= Alexander Chang =

Alexander Chang Yau-hung (born 1952) is a Hong Kong politician and solicitor.

Chang obtained Bachelor of Laws and Postgraduate Certificate in Laws in the United Kingdom and practices law in Hong Kong. He is also a China-Appointed Attesting Officer authorized by the Ministry of Justice of the People's Republic of China to attest and certify acts, matters and documents of legal significance occurring or emanating from Hong Kong for the use in mainland China. He is a partner of the Mak Gary, Dennis Wong & Chang law firm.

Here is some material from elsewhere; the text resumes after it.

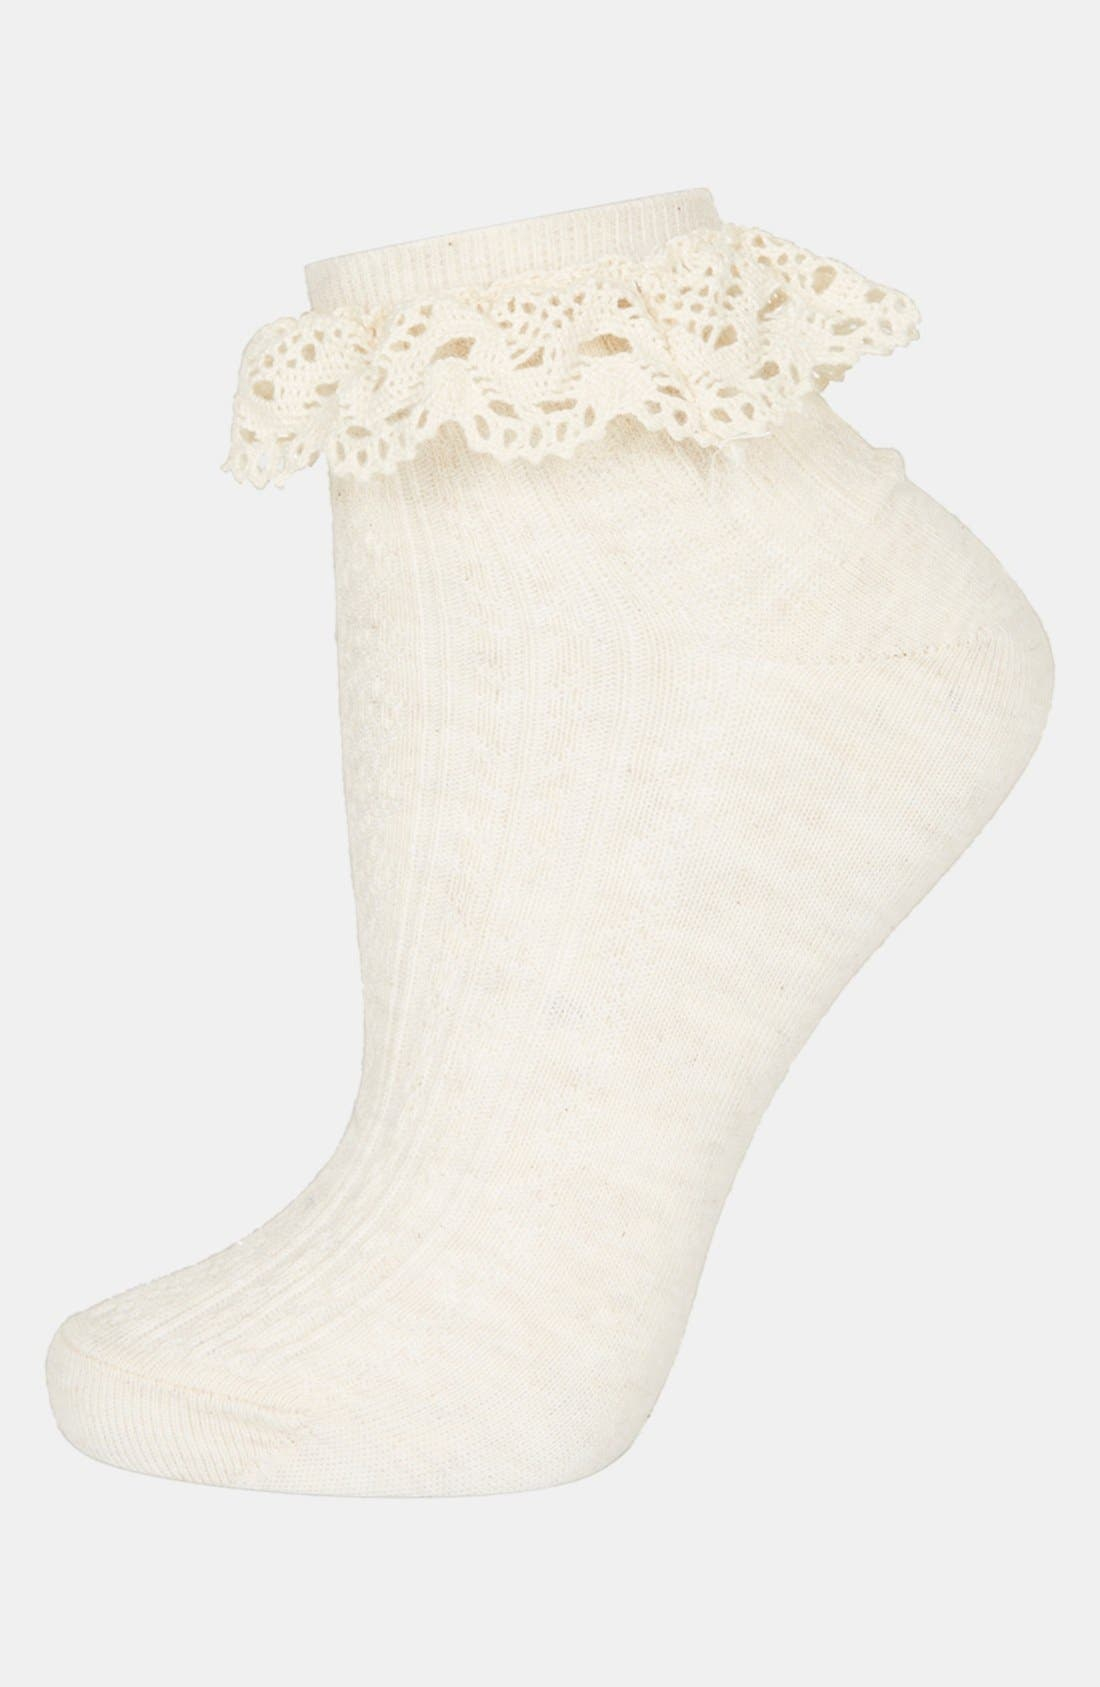 Alternate Image 1 Selected - Topshop Crocheted Trim Ankle Socks
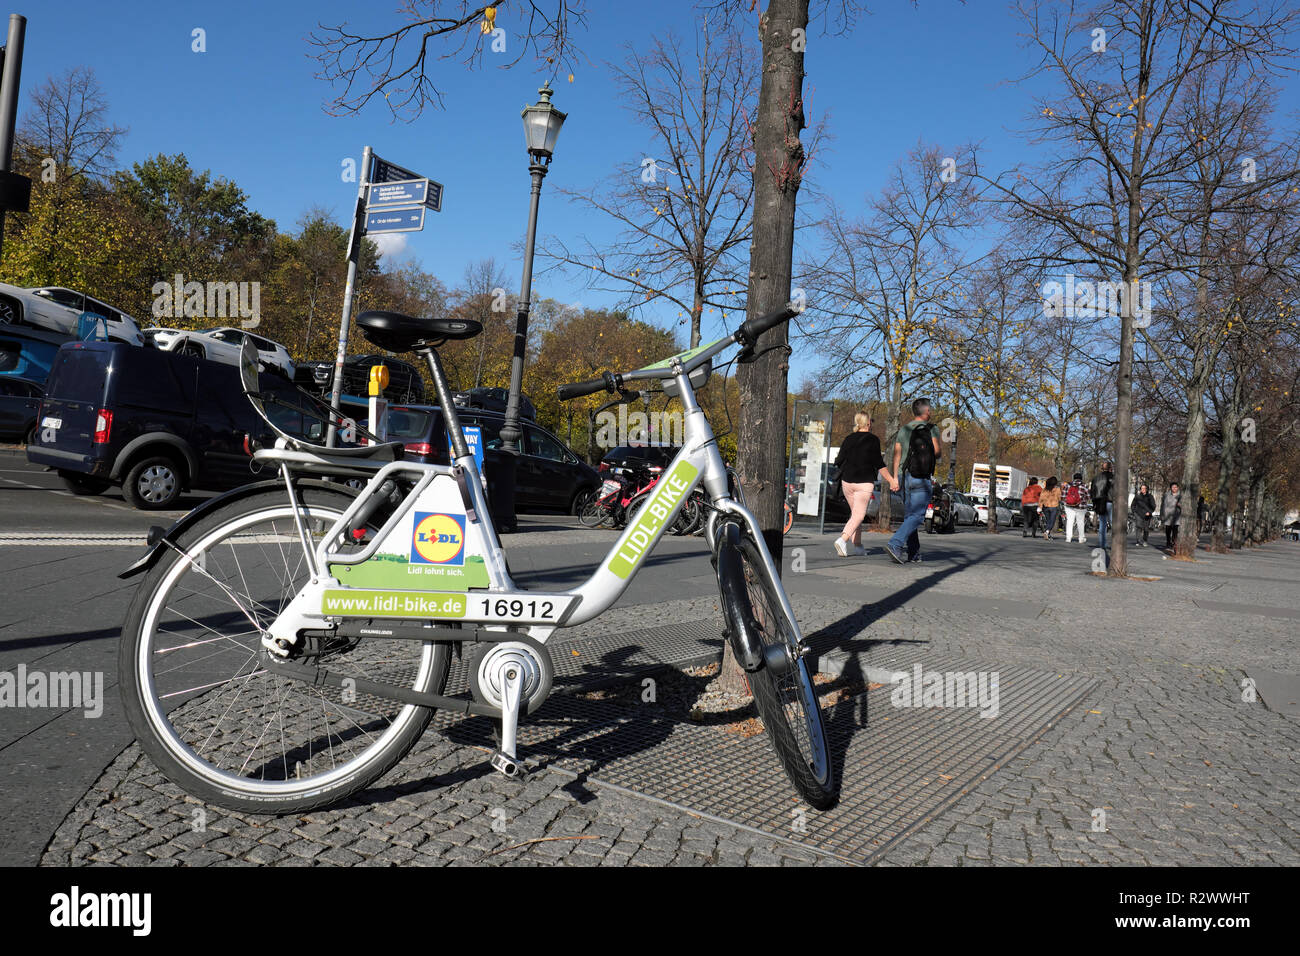 bike rental berlin stock photos bike rental berlin stock. Black Bedroom Furniture Sets. Home Design Ideas

In 1985, Chang was first elected to the Central and Western District Board for Sheung Wan. Being a close ally of Maria Tam Wai-chu, he was member of the Progressive Hong Kong Society. He became the head of the Island West Office of the Liberal Democratic Federation of Hong Kong when it was formed in 1990. He advocated the reintroduction of the death penalty and immediate repatriation of the Vietnamese boat people stranded in Hong Kong, together with the dropping of the first asylum policy.

Supported by Maria Tam, he ran in the first direct election for the Legislative Council of Hong Kong in 1991 but was defeated by Yeung Sum and Huang Chen-ya of the United Democrats of Hong Kong.

He was also a member of the Sino-Hong Kong Legal Liaison Group, a body formed by professionals. He called for fostering relations with China.